И тотчас же перед ними стеной встало овальное озеро и на этой ледяной стене прилепившийся темный распластанный силуэт высотного немецкого бомбардировщика Ю-290.

— Попробую сесть, — сказал Белобров.

Мотор перешел на другие обороты, и вдруг стало тихо и пусто. Длинная, привалившаяся на хвост машина чернела метрах в пятидесяти на матовом снегу.

Первым на лед озера вышел Черепец с гранатой. За ним, покрякивая, спустился Гаврилов с инструментом.

— Если будет шум, бросаешь гранату, — сказал Белобров и спрыгнул сам.

Они стояли около немецкого бомбардировщика. Кабина штурмана была «в гармошку», с кабины пилота был лишь сорван фонарь, и немец-пилот сидел в ней, пристегнутый ремнями. Его руки лежали на штурвале, голова с наушниками, лицо, плечи — все было запорошено снегом. Он был мертв.

— Это тот, которого Семочкин гонял… Вот он ему в ноздрю попал… И вот… — Черепец показывал пробоины в самолете. — Чего только он летел, не понимаю.

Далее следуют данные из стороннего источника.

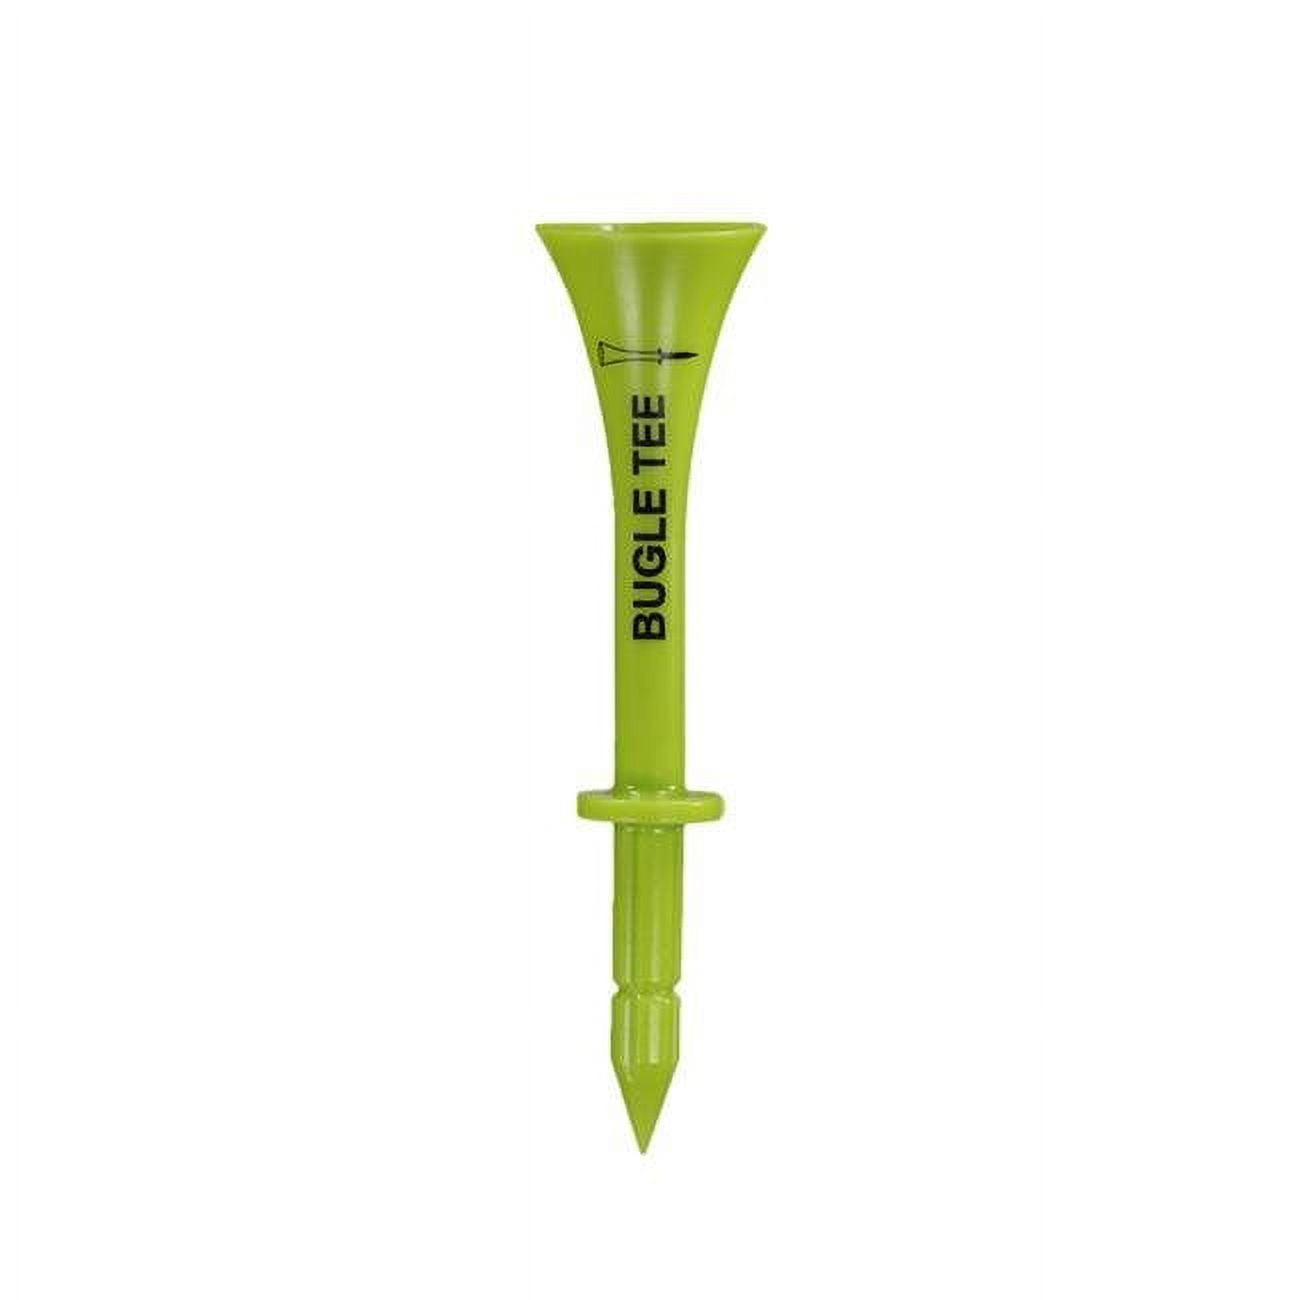 Picture of Bugle Tee 793573047540 3.25 in. Golf Tee, Green

Белобров смотрел на немецкого пилота. Он воевал всю войну, а вот так, близко, видел врага первый раз. Белобров снял перчатку и провел пальцем по занесенному снегом лицу летчика. Палец оставил след. Белобров стряхнул снег с пальца и протер руки снегом.

— Хорошо бы посмотреть, — сказал Черепец, — может, у него орден есть.

Гаврилов закончил осмотр самолета и подошел к Белоброву.